#### Data shown:
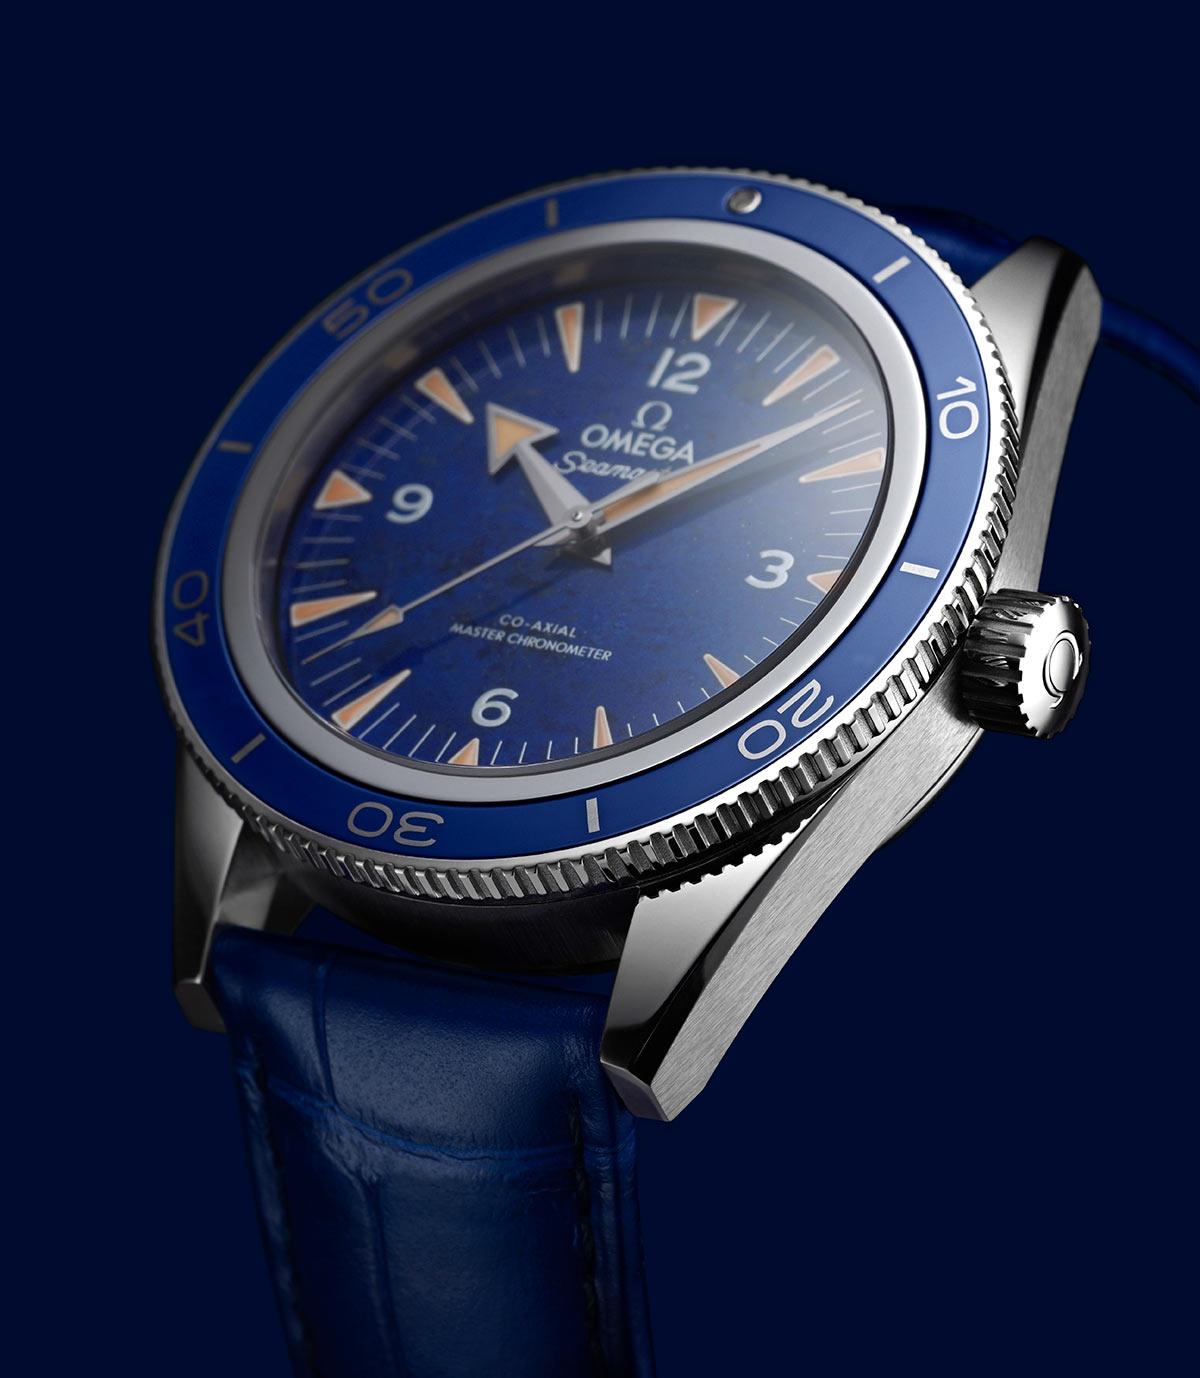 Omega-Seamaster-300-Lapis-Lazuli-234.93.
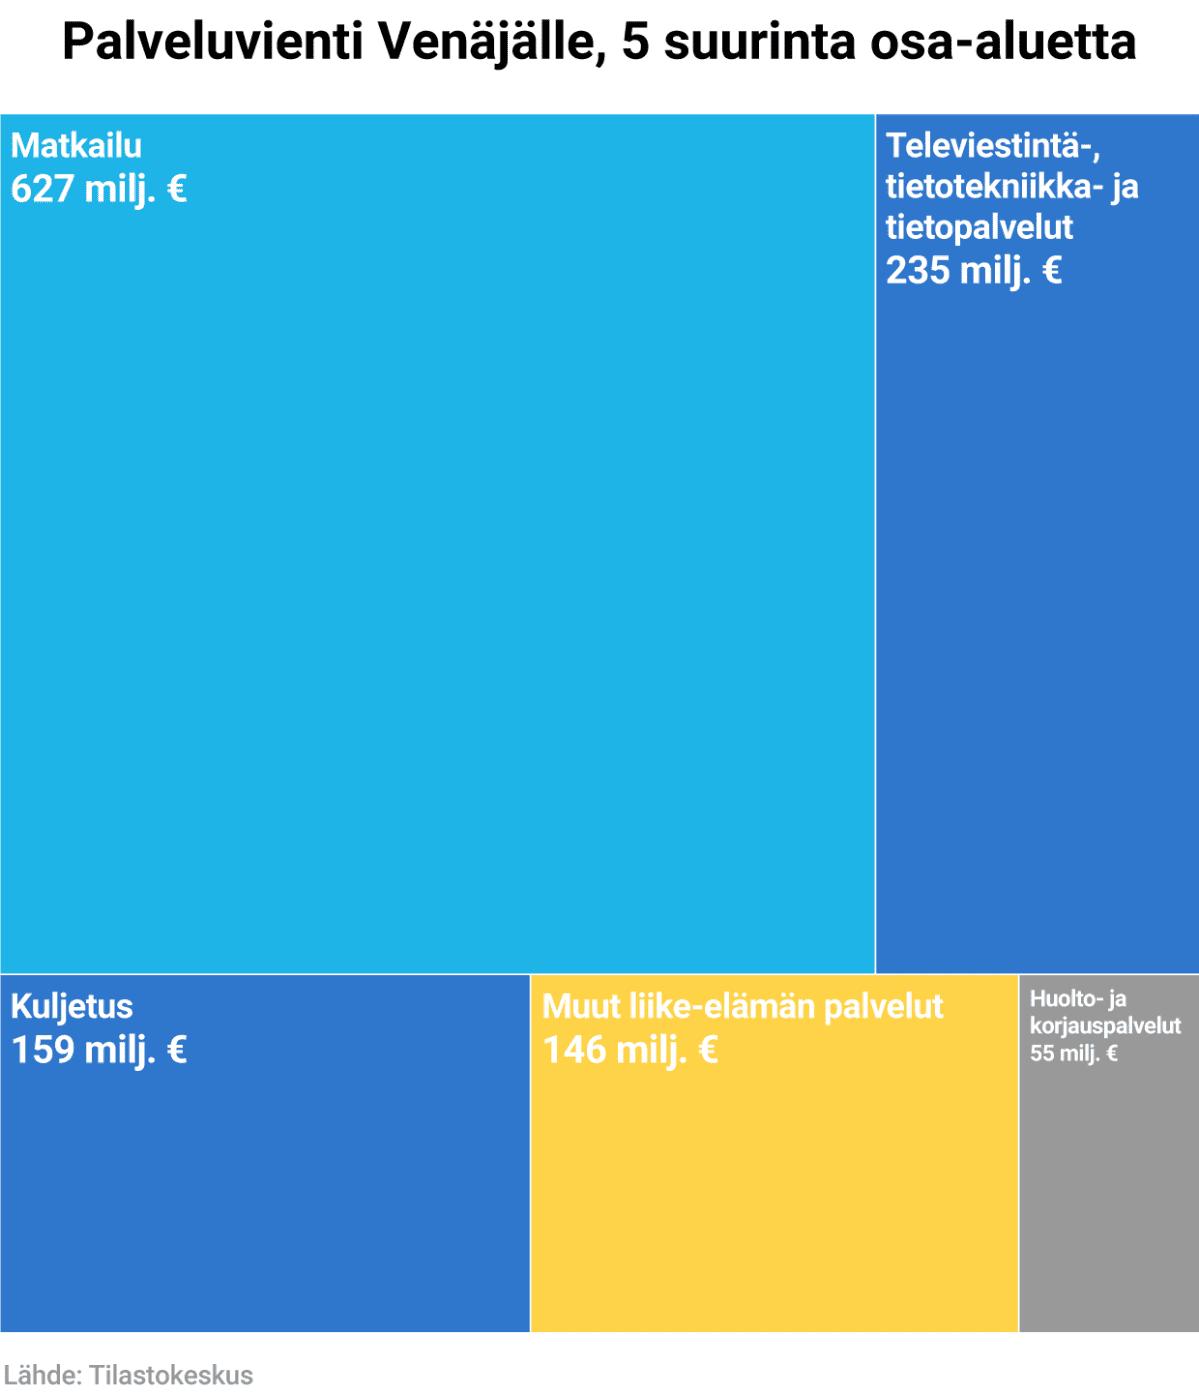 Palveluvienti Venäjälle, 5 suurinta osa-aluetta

--

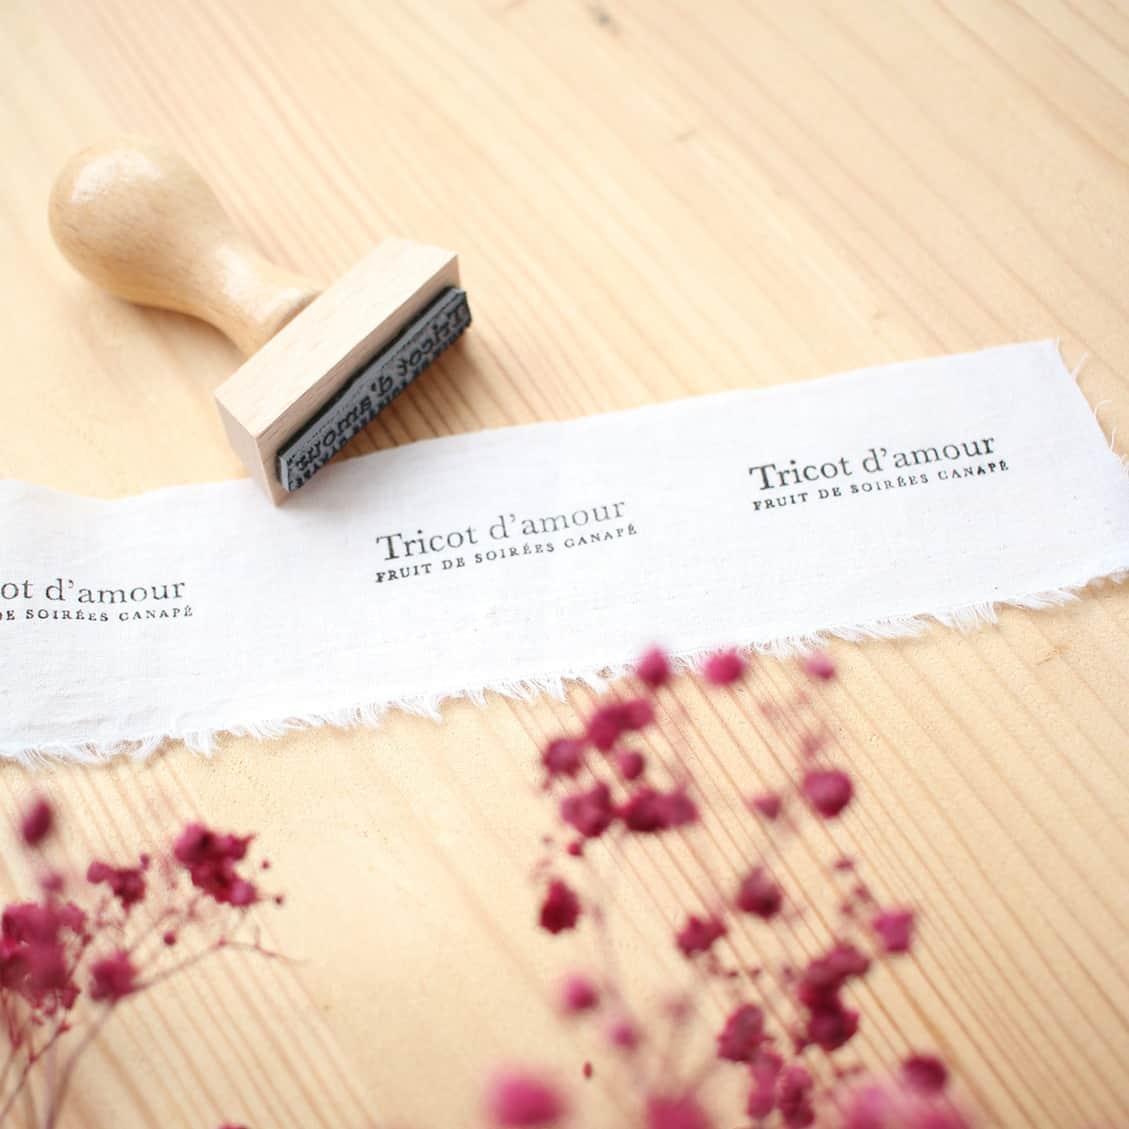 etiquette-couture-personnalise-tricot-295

---

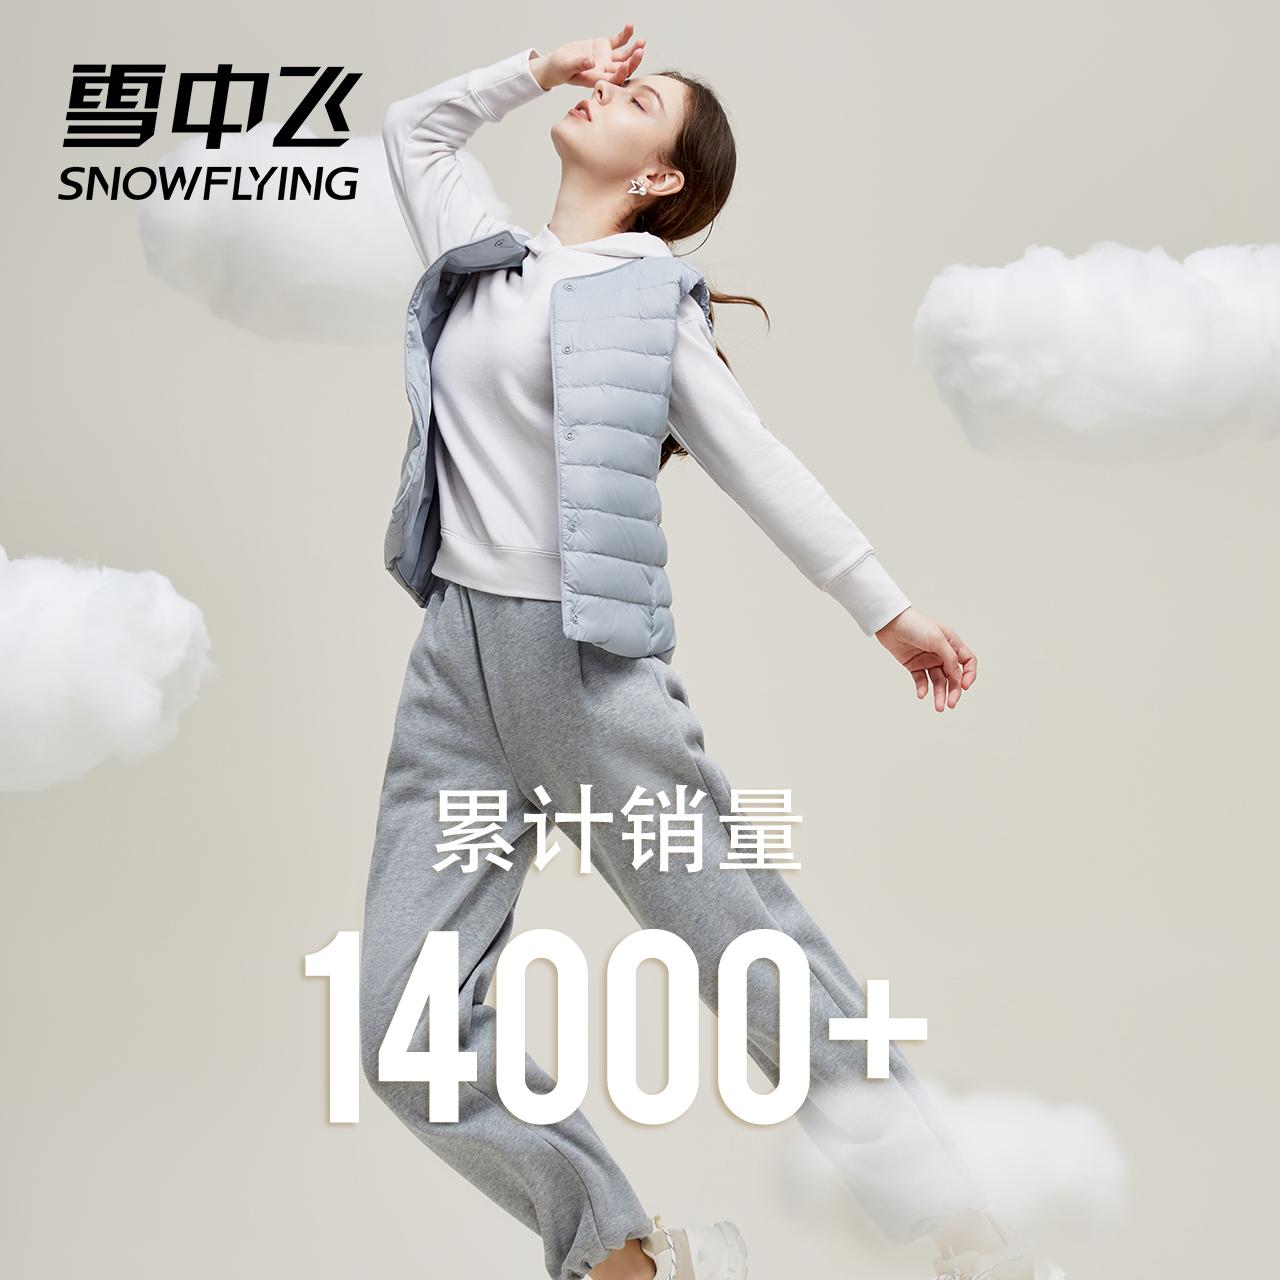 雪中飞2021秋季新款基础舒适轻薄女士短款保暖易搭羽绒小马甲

#### Work instruction:
Every line above from the one with "Omega-Seamaster-300-Lapis-Lazuli-234.93." down to the one with "Palveluvienti Venäjälle, 5" must be written out exactly, and no picture may appear.

#### Output below:
 Omega-Seamaster-300-Lapis-Lazuli-234.93.
 Palveluvienti Venäjälle, 5 suurinta osa-aluetta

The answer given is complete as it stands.